Awesome, we see the same performance as outside the cgroup!
Now we kick out the file from virtual memory. If the OS does not have the file cached, the process running in the cgroup needs to request it but has to pay for it with its memory quota.
As you can see, the process never loads the whole file in memory, even after it is done once. This also means, that the speed-up after the first iteration we observed earlier does no longer occur! This is detrimental to performance!
One side note though: if the main cgroup, with its unrestricted power, is loading the whole file in memory, the cgroup-ed process does benefit from the pages in the page cache and runs with the expected performance (1.4 seconds). It’s only the chroup-ed process that is not allowed to load them in VM.

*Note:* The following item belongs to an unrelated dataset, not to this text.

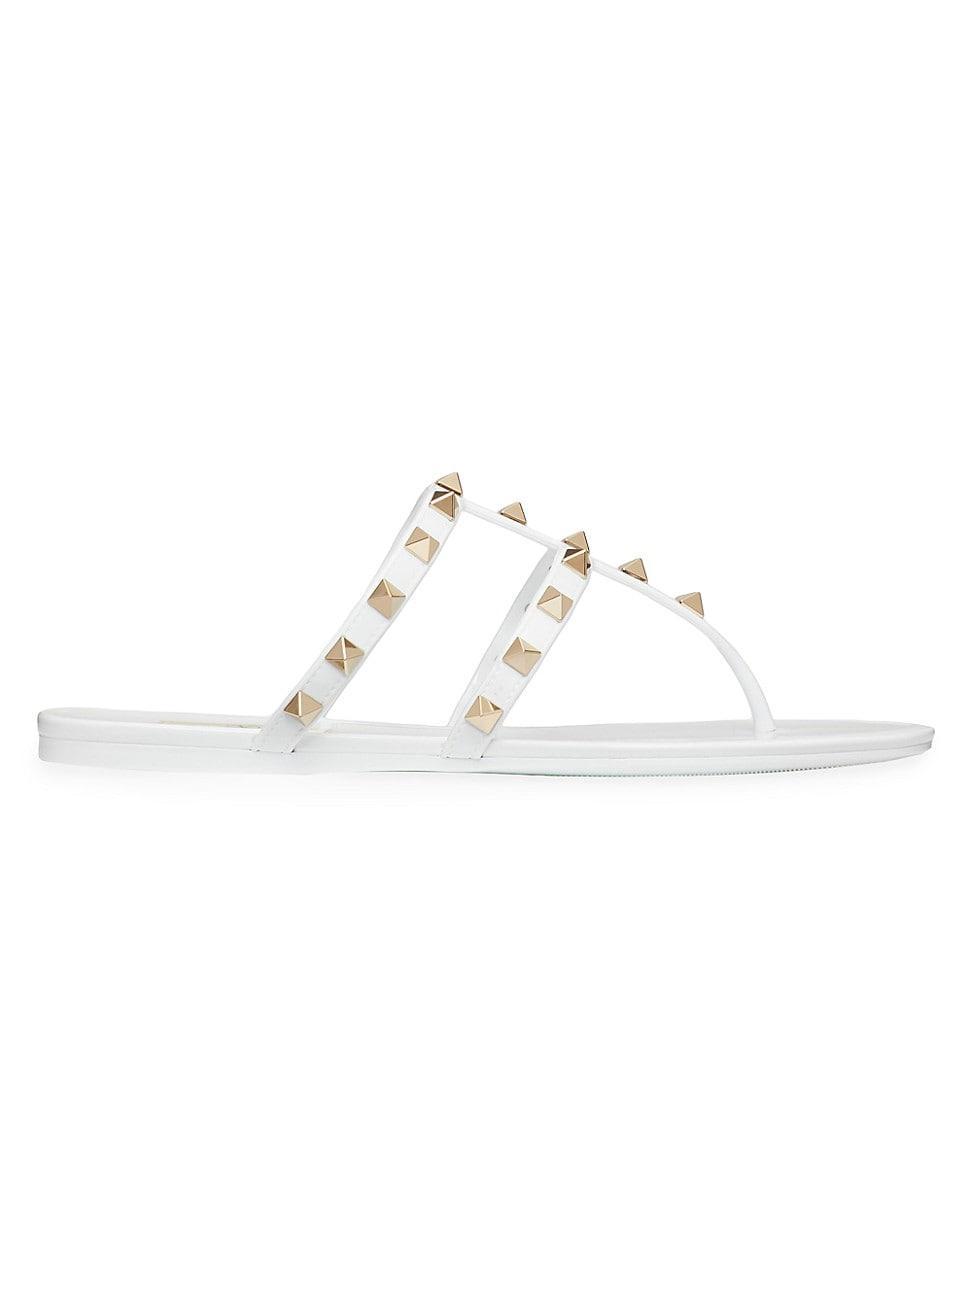 Womens Rockstud Flat Rubber Sandals Product Image

As you would expect, being constrained by a cgroup is bad news for the random access version… Remember, this has the same effect as having a system with just too little memory (I could instead pull out some memory bars or run with a 300gb file, but a cgroup is way more convenient). When loading random pages, the time takes is a lot larger than when loading pages sequentially, even when reading the whole page.
limits | file | sequential | random |
---|---|---|---|
none | heap | 1.4 s | 3.6 s |
none | resident | 1.5 s | 3.9 s |
none | unloaded | 11.1 s | 28.1 s |
constrained | heap | killed | killed |
constrained | resident | 1.5 s | 4.0 s |
constrained | unloaded | 15.5 s | 1012.8 s |
What can we learn from this so far?
- Loading data from disk is expensive. Loading sequentially is roughly three times faster than doing it in random order if we don’t need to evict pages due to memory constraints.
- Reads for sequential data are faster than random reads, for memory mapped data, as well as data that lives on the heap.
- If you don’t have enough memory to keep the whole mapped file in memory, sequential reads are slower but still feasible. Whether using mmap here compared to a different IO approach does make sense, is a different story though. Loading random pages with mmap in a resource constrained environment is about 67 times slower than reading them sequentially and about 36 times slower than in an unconstrained environment.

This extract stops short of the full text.